> **Exercise data**
********************

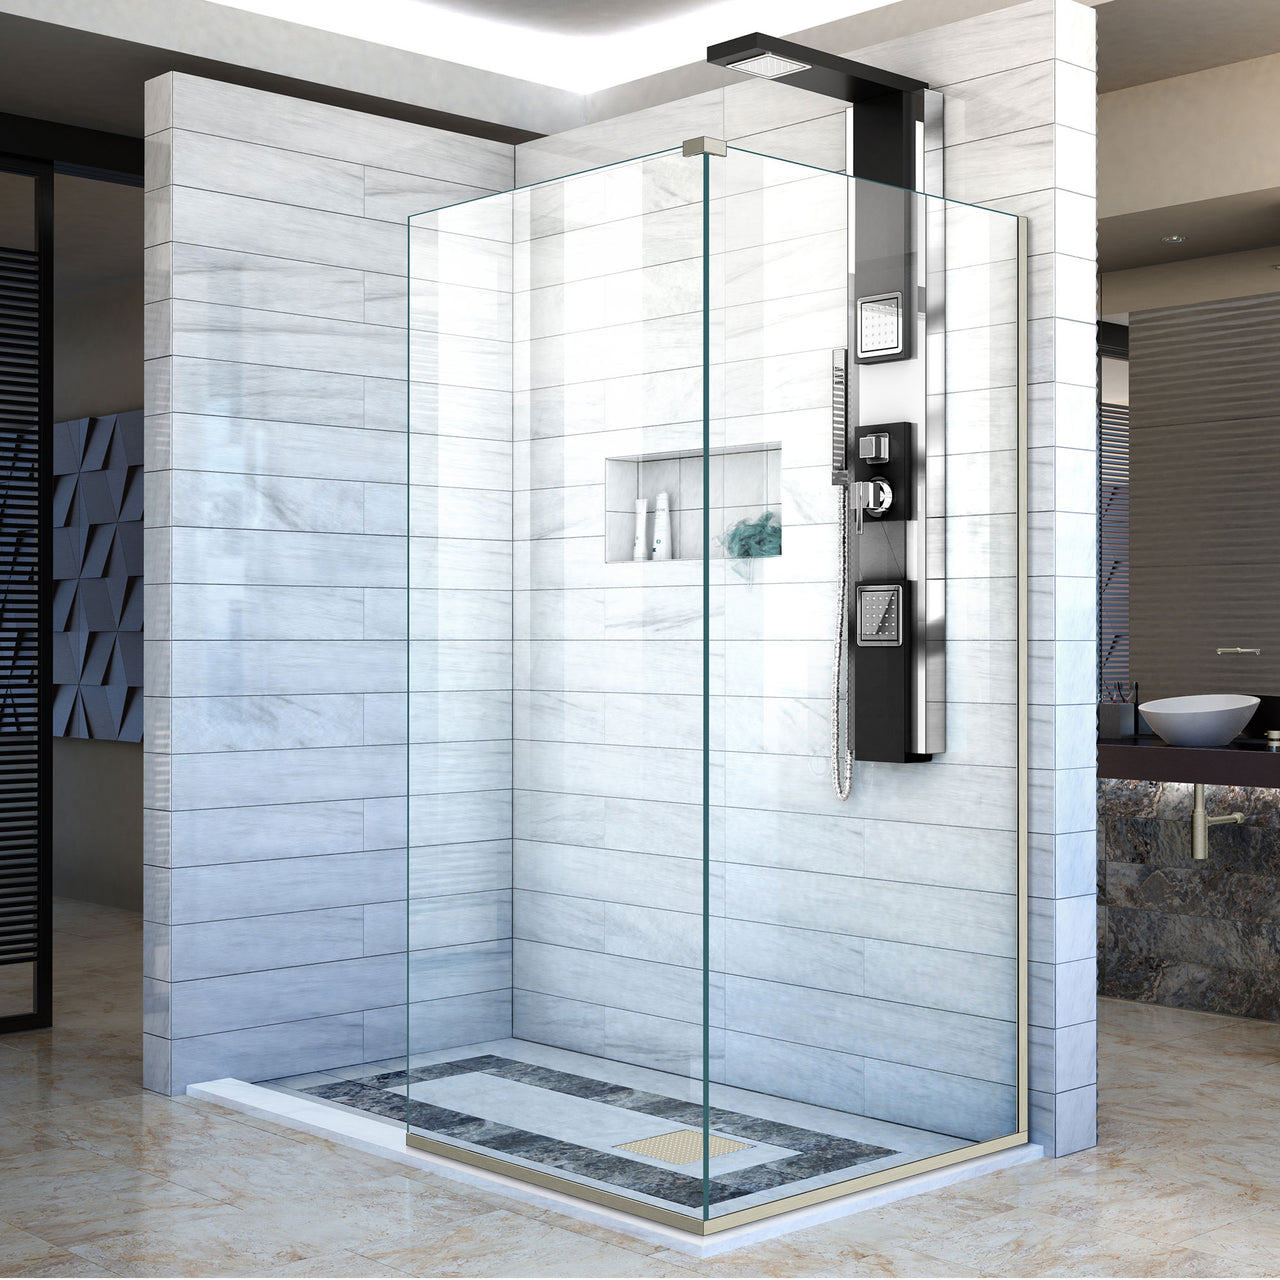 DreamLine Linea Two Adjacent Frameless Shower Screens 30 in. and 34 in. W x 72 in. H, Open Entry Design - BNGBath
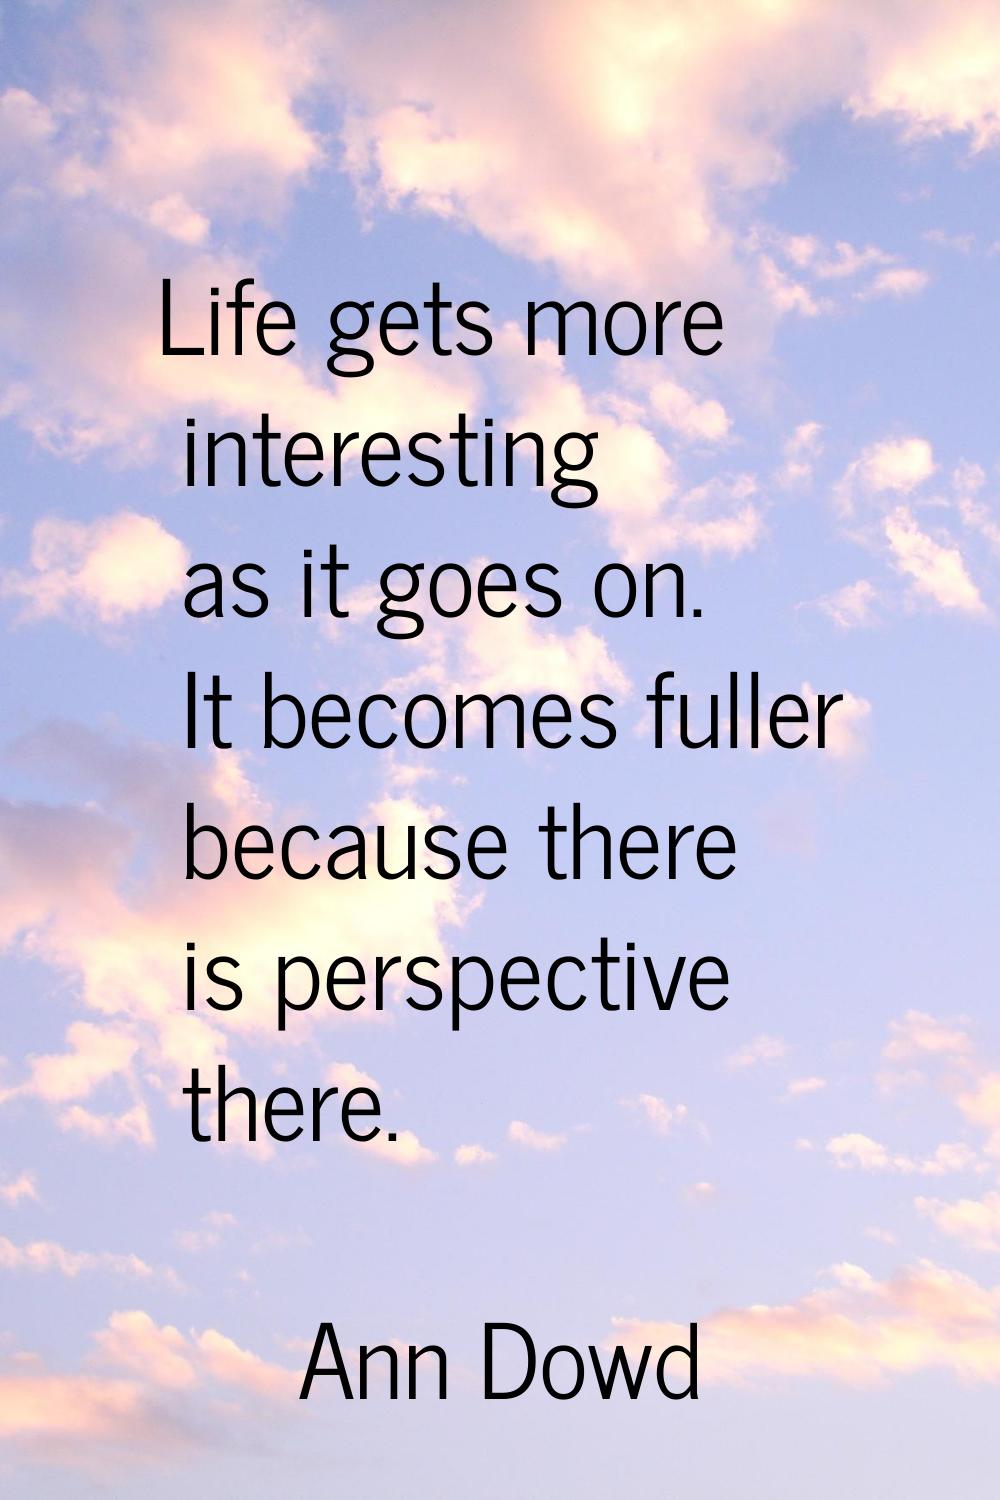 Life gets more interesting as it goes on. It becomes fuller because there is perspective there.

********************

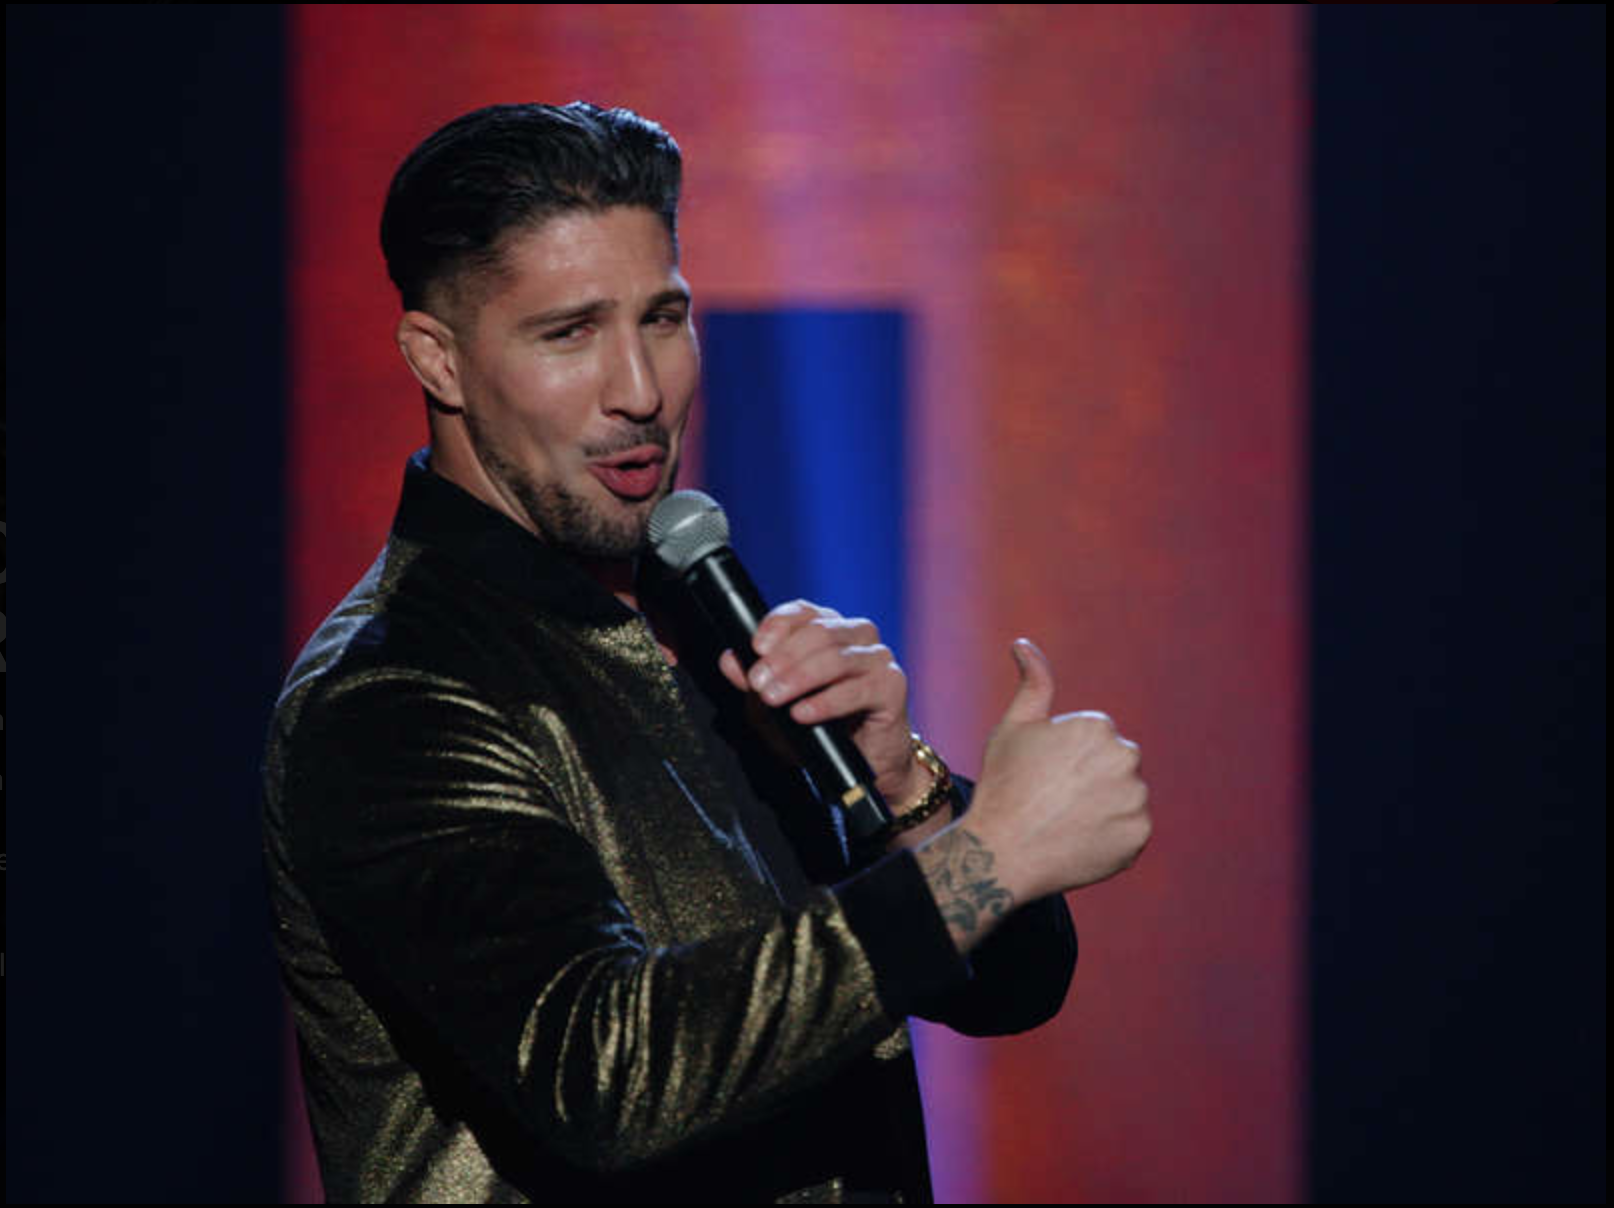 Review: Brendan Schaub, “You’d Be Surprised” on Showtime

********************

> **Problem**
In the listing above, find the line containing "DreamLine Linea Two" and the line containing "Life gets more". Reproduce those lines and all between them exactly, with no pictures and nothing more.

> **Result of this task**
 DreamLine Linea Two Adjacent Frameless Shower Screens 30 in. and 34 in. W x 72 in. H, Open Entry Design - BNGBath
 Life gets more interesting as it goes on. It becomes fuller because there is perspective there.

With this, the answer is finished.